The Ukiah Daily Journal

Mark Fydrich, shooting star

- By Tommy Wayne Kramer In the 1970s Tom Hine wasn't interested in baseball because he was a brain- dead hippie, but in 2024 he doesn't care for baseball because the owners are brain- dead pigs. TWK says `Stick to pickleball'

The harsh gods of baseball have rained heavy blows upon me in recent years by stripping the name and emblem from a Cleveland team I'd been part of all my life.

Next, Oakland's owners are shipping the A's to a foreign land. I'd adopt Detroit as my team but fear its plane would crash mid-season.

Instead, I'm burrowing into videos half a century old; last night I found a game from 1976, Yankees at Detroit. Tiger starter: Mark Fydrich.

Talk about the harsh gods of baseball. He's 23, in his first year and ninth game, and the most talked-about player in baseball. In the game's 100-plus years there's been no one like Mark Fydrich.

I'd never seen him play. Baseball was not on my menu in the 1970s, and by 2024 all the Fydrich rumors, legends and lies had evaporated into the mists and myths of baseball history. But in the game played 48 years ago he was so new the TV announcers called him Mark “Fydreek” and nine innings later no one had corrected them.

I sat transfixed, simultaneo­usly thrilled by his presence and burdened with my decades of hindsight. I know ( but in 1976 he doesn't) that his glory will fade as sure as the setting sun, and almost as quickly. But on this night he runs a complete game chainsaw through a Yankee lineup destined for the World Series. Detroit, in last place two years in a row, will end up seventh.

Fydrich's nickname was Big Bird, a tall, gangly, puppy-like kid with tousled hair, oversized teeth and an approach to pitching no one will ever copy.

Every inning he bounced out of the dugout as if from a slingshot, sprinted to the mound, dropped to his knees and with bare hands began carefully manicuring his tiny patch of earth, a square foot of dirt at the edge of the pitching rubber.

Peering in at the hitter, Fydrich gives spoken instructio­ns to the baseball. He demonstrat­es for all the world to see, including the hitter, by stretching his right arm out and twisting it: Straight zinger, arm dipping left. A slider is on its way.

The batter, alerted to the coming pitch, freezes anyway. Strike Three! Inning over! Mark races back to the dugout and turns to shake hands with the right fielder who had moments earlier made a terrific throw.
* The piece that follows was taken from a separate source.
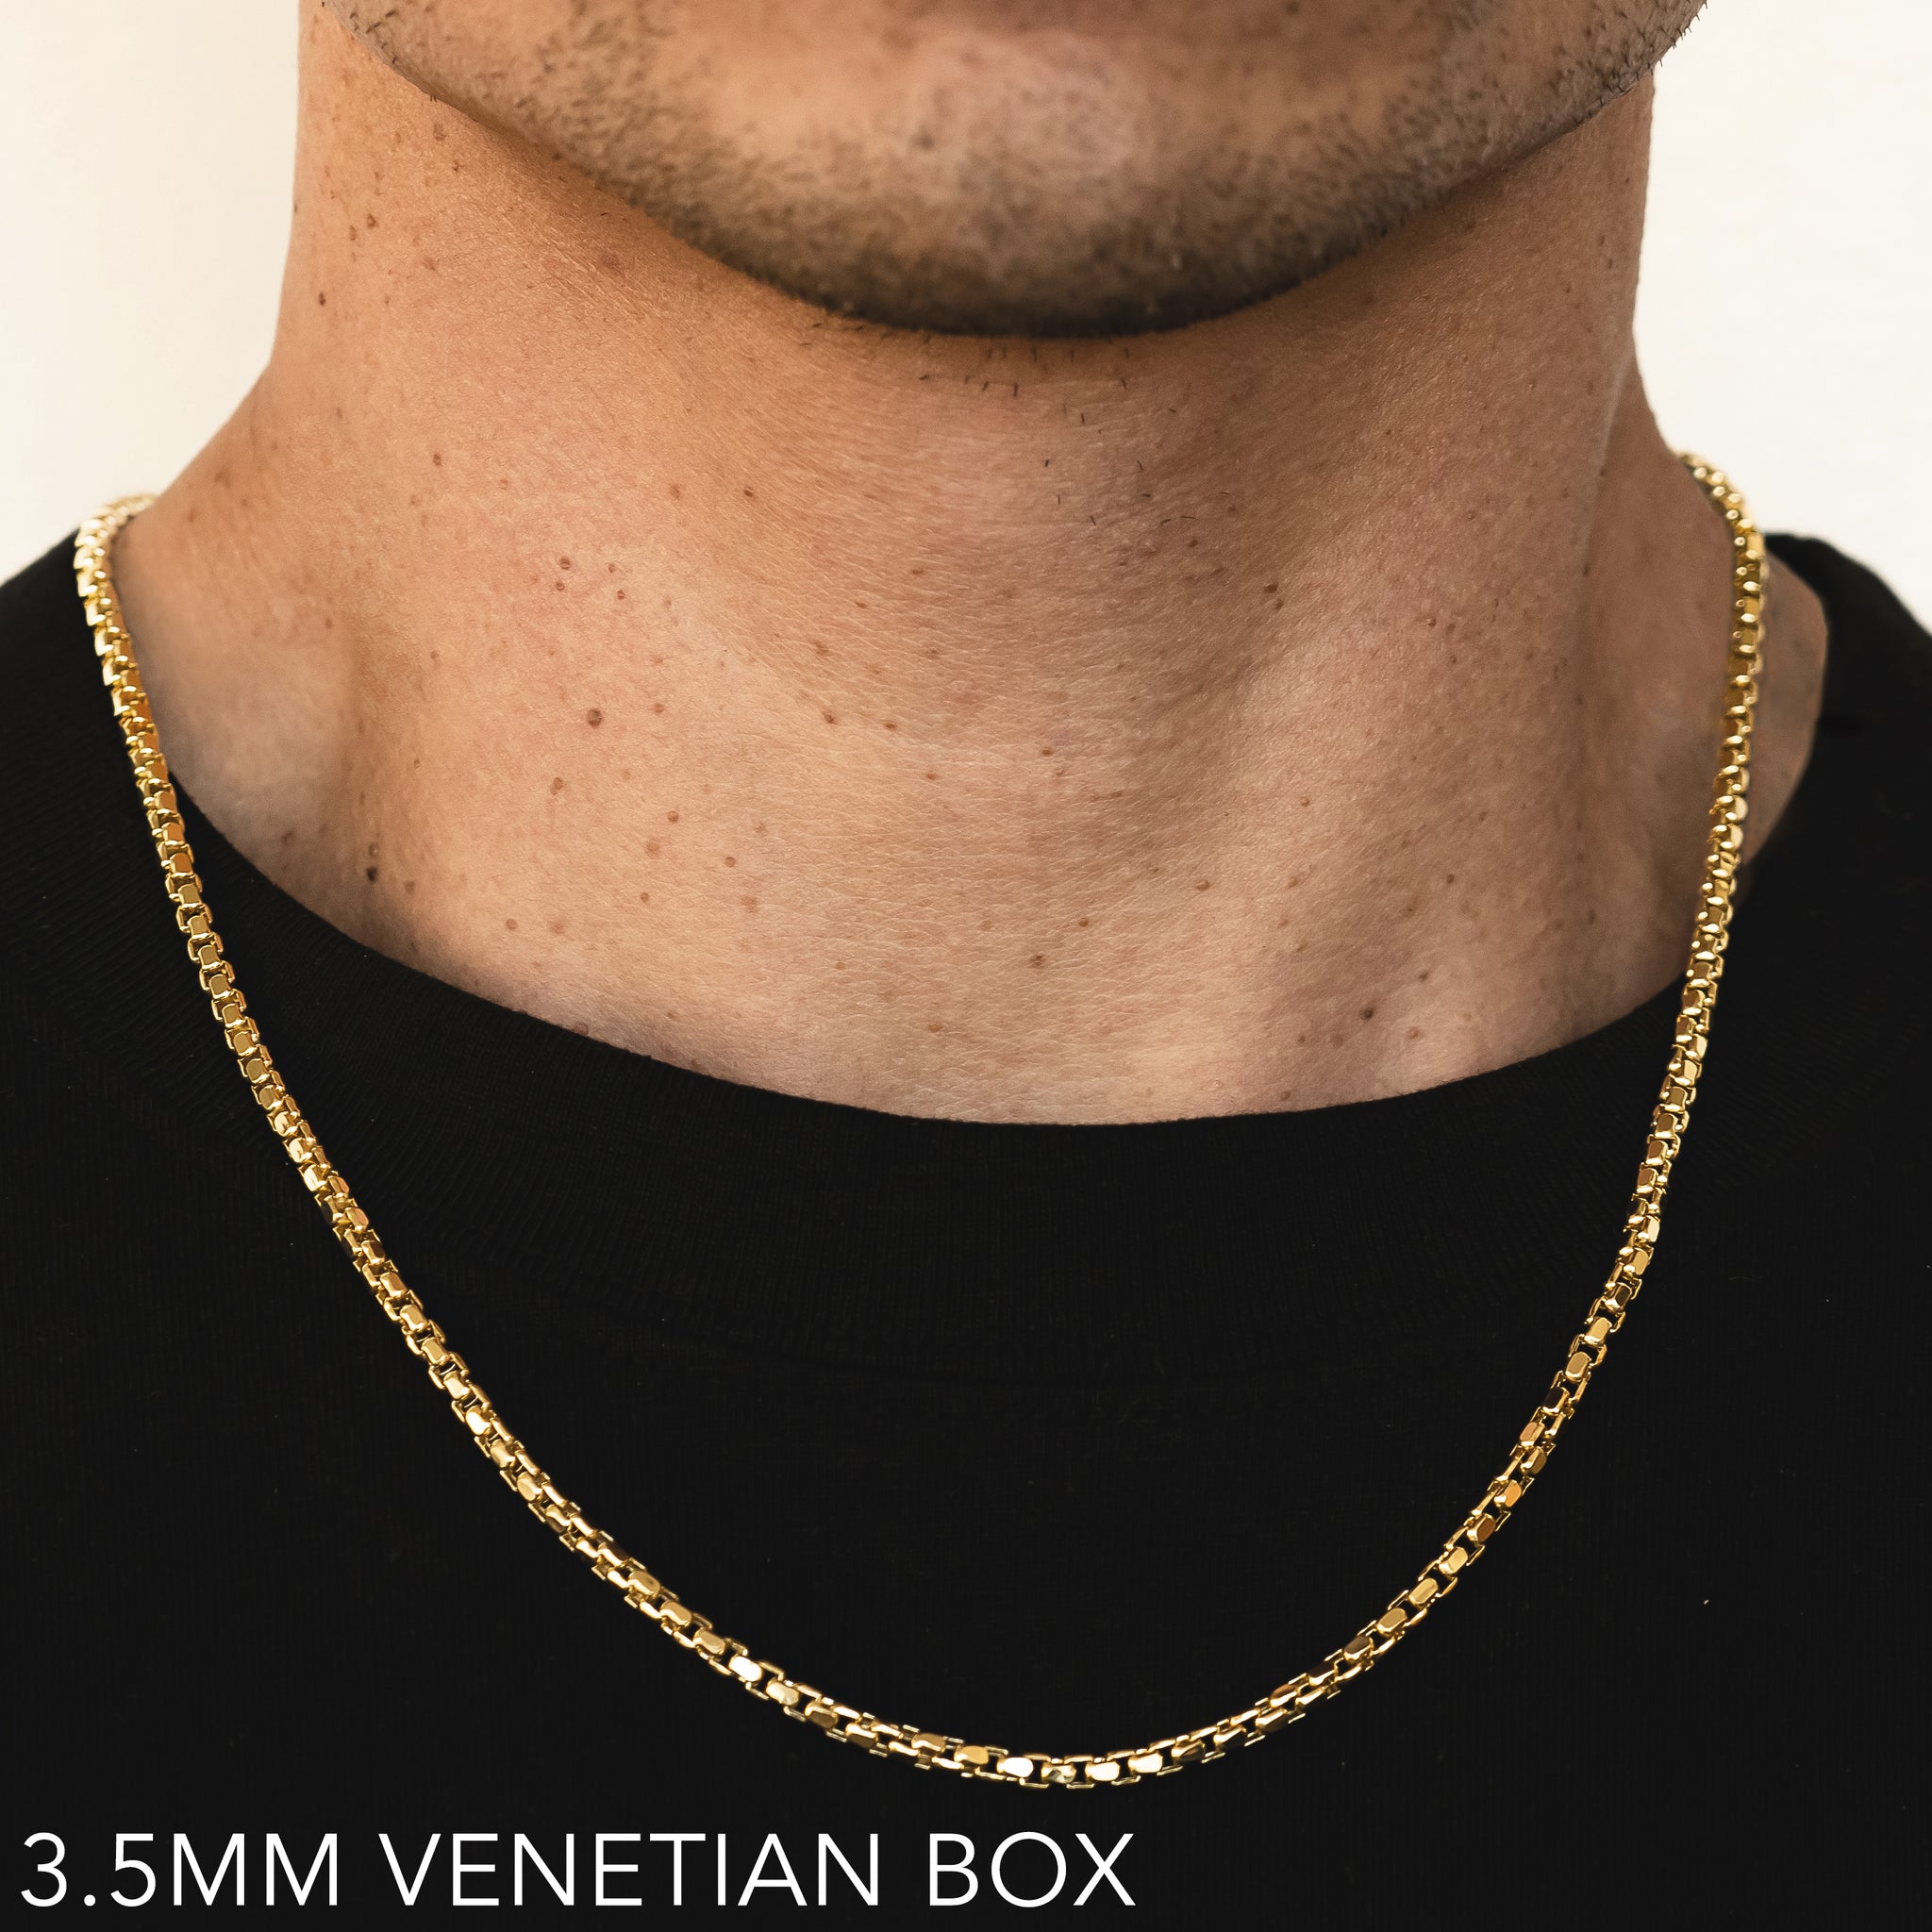 18K 3.5MM YELLOW GOLD SOLID VENETIAN BOX 16" CHAIN NECKLACE (AVAILABLE IN LENGTHS 7" - 30")

This is his moment. By season's end he will be 19-9, Rookie of the Year, the AL's starting pitcher in the All Star game, runner-up in CY Young voting and maybe the happiest man on the planet.

He's on the cover of all the magazines, but his 15 minutes of fame already are dwindling. Harsh gods of baseball, indeed. In spring training a few months later he will hurt a leg, then his arm. His career will be over.

A DARK STAR hangs over baseball. Is there another sport in which great young players are so often cut down? The game's history is a desolate trail of bleached bones of young heroes cut down long before their peak. Ask any fan and he'll recite a sad list that might or might not include Herb Score, Pete Reiser, Tony Conigliaro, Joe Charboneau or Mark Fydrich.

The same gloom hangs over baseball fiction. In Robert Coover's `Universal Baseball Associatio­n, J. Henry Waugh, Proprietor,' a lonely accountant invents a board game controlled by dice. A mere toss mis-aligns the stars and his beloved rookie pitcher is killed by a batted ball. J. Henry is distraught. Dare he undo what the Gods of Gambling have wrought?

In the teen fiction ` The Kid From Tompkinsvi­lle' John R. Tunis's heaven-sent young star is dealt nothing but cruel blows when he joins the Brooklyn Dodgers. Roy Tucker pitches a no-hitter in his first game, and minutes later in a postgame celebratio­n his arm is broken.

The team manager loves Roy like a son, gets hit by a taxi and killed. Roy returns to the Dodgers as a power hitting outfielder, and on a cool gloomy night in the final game of the season, on the final page of the book the Dodgers lead 4-3, two outs, bottom of the 14th.

Long drive to right field! Tucker races back, leaps, snags the ball, crashes into the wall. Did he catch it? Drop it? Dead? Alive? He's carried off on a stretcher. The book's final sentence:

“There was a clap of thunder. Rain descended on the Polo Grounds.”

Mark Fydrich was by far the most delightful, lovable ballplayer of our generation. A few years after his short career was over he was lying on his driveway working under his truck.

It collapsed, pinning him underneath. Two hours later he was found, alone, the gods of baseball having finished with him.